Chapter Enam

477 63 7
                                    

Astaga aku akhir2 ini lihat Jungkook kok makin ganteng banget ya 😭maskulin banget Fiksss

Aku baru saja selesai mengobrol dengan Yoonki di kedai. Dia datang, ingin memberikan tawaran membuka cabang baru di dekat kantornya, tapi aku menolak. Selain Menejemenya yang belum siap, Jung juga pasti tidak akan mengijinkan.

Bersamaan itu juga aku mengucapkan terimakasih atas semua yang di lakukan Yoonki untuk kedai ku. Dia dan adiknya turut menjadi latar belakan berdirinya usahaku, meskipun aku juga tau kenapa dia melakukan ini. Tentu ada alasan di baliknya.

Namun aku lega, pada akhirnya aku memberanikan diri melarang Yoonki untuk menaruh hati padaku. Aku berbicaranya sebagai istri dari seorang pria. Tidak mudah, karena hati seseorang itu tidak bisa di perintah semaunya. Terkadang kita sendiri yang memilikinya saja tidak bisa.

Yoonki orang yang berpendirian. Kurasa sejak masuk SMA sampai sekarang perasaanya padaku tidak berubah itu adalah hal yang luar biasa. Pira itu pintar dalam menjaga hati. Tapi, karena aku tau dia adalah pria yang baik, memang sudah seharusnya dia mendapatkan wanita yang lebih baik pula.

Sore ini, sebelum hujan turun lagi. Yoonki tersenyum dan melepaskanku dengan ikhlas. Pada akhirnya kami sama-sama lega.

"Kita tutup jam delapan malam. Tidak usah membuat adonan lagi, setelah semua kue matang kalian bisa pulang," ujarku masuk ke araea produksi.

Para pegawai ku nampak bingung. Aku memahaminya, karena kedaiku hari ini terbilang cukup ramai. Bahkan buka sampai jam sepuluh pun tidak masalah, mereka juga tidak keberatan.

Namun sekali lagi banyak pertimbangan untuk hari ini. Mereka datang lebih awal pagi tadi karena ada banyak pesanan dari beberapa pegawai kantor yang sudah menjadi langganan. Kemarin mereka juga menyelesaikannya sendirian, perhitungan keuntungan juga menjadi sedikit terkendala karena aku tidak ada sampai toko tutup. Dan satu lagi, Jung juga sakit. Aku tidak bisa meninggalkan pria itu terlalu lama.

"Nona pulang dulu tidak papa.
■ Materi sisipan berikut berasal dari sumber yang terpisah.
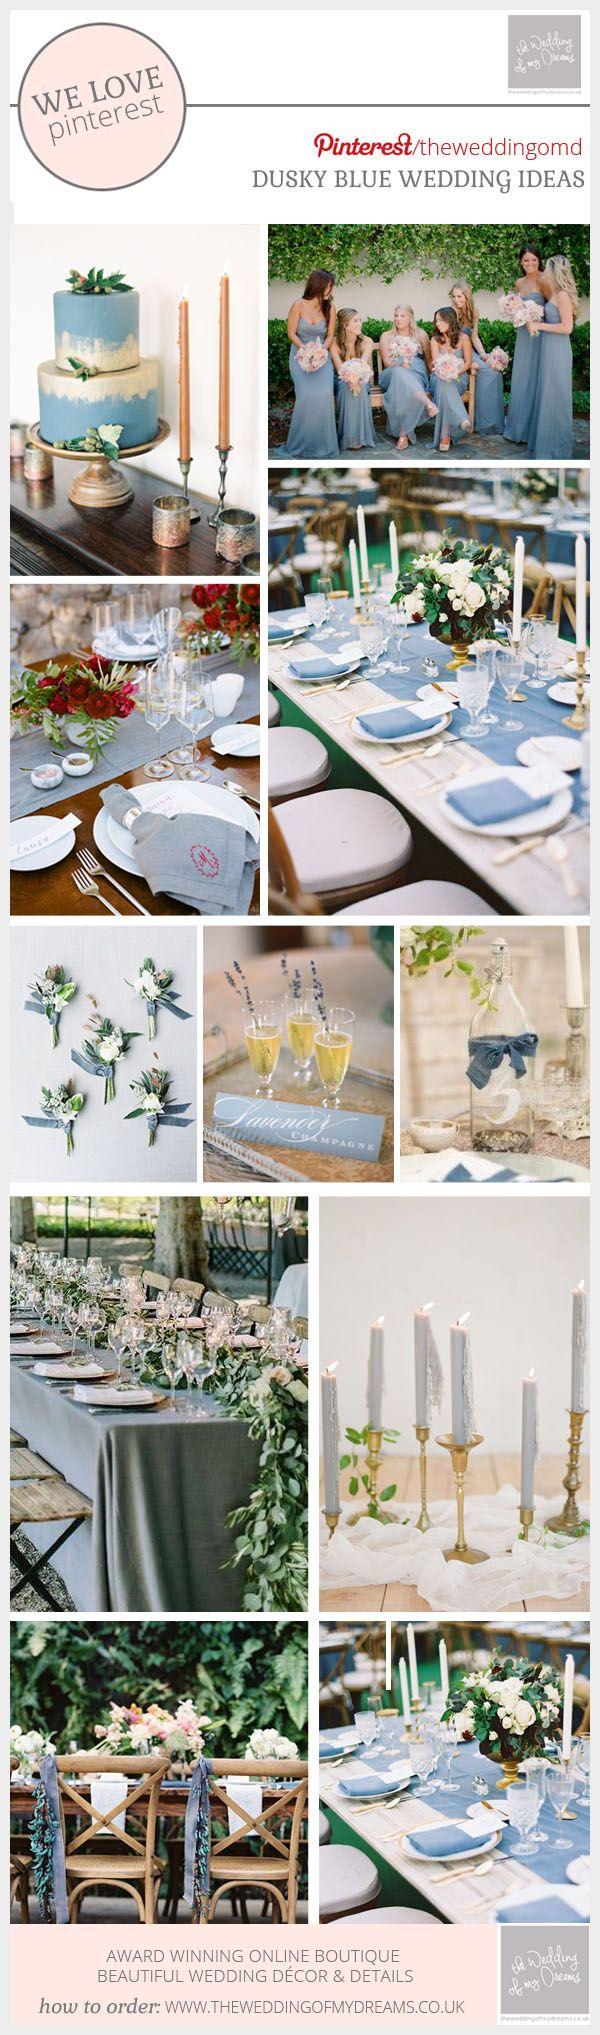 Dusky Blue Wedding Ideas – Decorations and Details

Kami akan menyelesaikannya," Sam berujar sembari memasukan adonan terakhir ke dalam oven.

"Benar Nona, kami tidak lelah," salah satu yang lain turut setuju.

"Tidak-tidak. Kalian harus istriaha. Kita tutup jam delapan."

"Tapi masih cukup ramai."

Aku menggeleng tegas, "Tutup jam delapan."

Pada akhirnya mereka mengangguk setuju. Sejujurnya bukan karena aku takut perhitungan hasil yang salah atau tidak percaya membiarkan Somi memegang mesin kasir dan bertanggung jawab terhadap uangku.

Aku hanya memikirkan mereka. Jika kedai ramai tak jarang mereka kehilangan waktu istirahat. Apa lagi para pelayan, mereka juga sering kelaparan karena jam makan yang terganggu akibat pelanggan yang datang. Aku hanya ingin memanusiakan pegawaiku.